一、本地模式运行spark程序
spark版本如下:
1、
centos7安装idea
,激活码到链接要求的网址左上角idea教程那边,按提示才能领取,不能直接领取。
2、
创建maven工程
,并修改文件类型。
maven中创建第一个Scala
,主要是下载插件的方式。
必须要先添加scala sdk
如果没有要先去下载,有就直接选择
注意:pom.xml里的配置文件需要和你idea导入的scala sdk的版本相对于,并且hadoop和spark的版本也要对应,spark启动的Scala版本与idea导入的scala版本的相对应,比如spark启动为2.12.x,idea导入的也应该是2.12的版本。
pom.xml
<?xml version="1.0" encoding="UTF-8"?>
<project xmlns="http://maven.apache.org/POM/4.0.0"
xmlns:xsi="http://www.w3.org/2001/XMLSchema-instance"
xsi:schemaLocation="http://maven.apache.org/POM/4.0.0 http://maven.apache.org/xsd/maven-4.0.0.xsd">
<modelVersion>4.0.0</modelVersion>
<groupId>com.sparkWord</groupId>
<artifactId>sparkWordSpace</artifactId>
<version>1.0-SNAPSHOT</version>
<properties>
<scala.version>2.11.8</scala.version>
<hadoop.version>2.7.4</hadoop.version>
<spark.version>2.3.2</spark.version>
</properties>
<dependencies>
<!--Scala-->
<dependency>
<groupId>org.scala-lang</groupId>
<artifactId>scala-library</artifactId>
<version>${scala.version}</version>
</dependency>
<!--Spark-->
<dependency>
<groupId>org.apache.spark</groupId>
<artifactId>spark-core_2.11</artifactId>
<version>${spark.version}</version>
</dependency>
<!--Hadoop-->
<dependency>
<groupId>org.apache.hadoop</groupId>
<artifactId>hadoop-client</artifactId>
<version>${hadoop.version}</version>
</dependency>
</dependencies>
</project>
WordCount.scala
import org.apache.spark.rdd.RDD
import org.apache.spark.{SparkConf, SparkContext}
object WordCount {
def main(args: Array[String]): Unit = {
//1.创建SparkConf对象,设置appName和Master地址
val sparkconf = new SparkConf().setAppName("WordCount").setMaster("local[2]").set("spark.testing.memory","2147480000")

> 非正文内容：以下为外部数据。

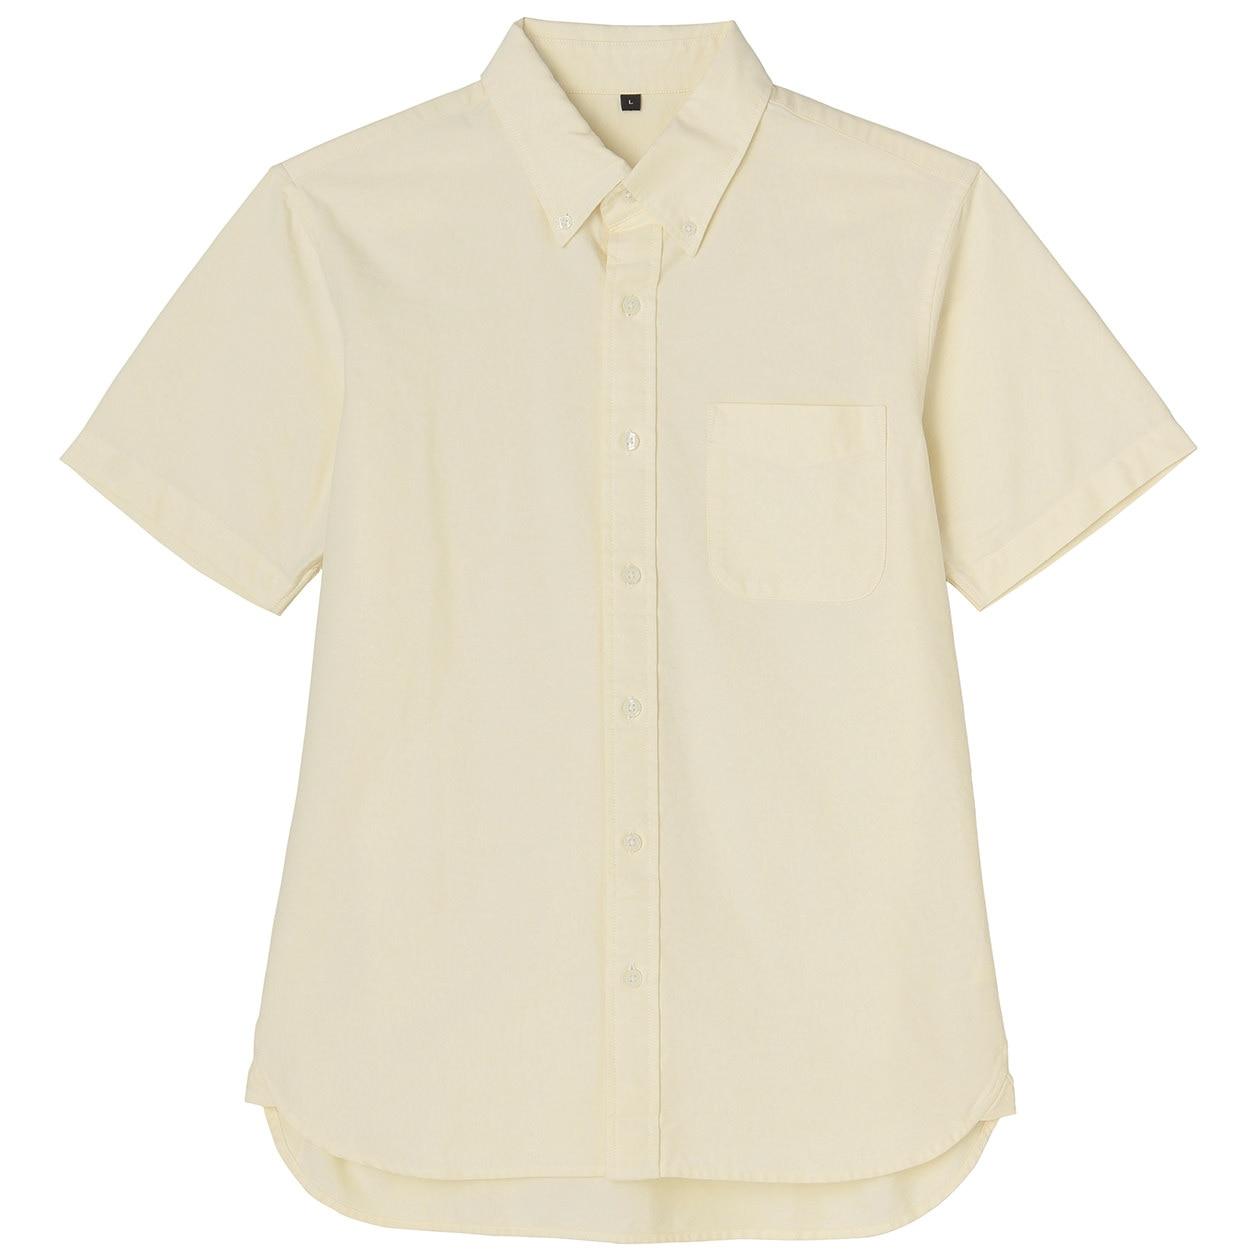 Organic Cotton Oxford Button Down S S Shirt Men M Yellow

//2.创建SparkContext对象,它是所有任务计算的源头,
// 它会创建DAGScheduler和TaskScheduler
val sparkContext = new SparkContext(sparkconf)
//3.读取数据文件,RDD可以简单的理解为是一个集合
// 集合中存放的元素是String类型
val data : RDD[String] = sparkContext.textFile("/root/words.txt")
//4.切分每一行,获取所有的单词
val words :RDD[String] = data.flatMap(_.split(" "))
//5.每个单词记为1,转换为(单词,1)
val wordAndOne : RDD[(String,Int)] = words.map(x=>(x,1))
//6.相同单词汇总,前一个下划线表示累加数据,后一个下划线表示新数据
val result : RDD[(String,Int)] = wordAndOne.reduceByKey(_+_)
//7.收集打印结果数据
val finalResult :Array[(String,Int)] = result.collect()
println(finalResult.toBuffer)
//8.关闭sparkContext对象
sparkContext.stop()
}
}
二、集群模式运行spark程序
pom.xml
<?xml version="1.0" encoding="UTF-8"?>
<project xmlns="http://maven.apache.org/POM/4.0.0"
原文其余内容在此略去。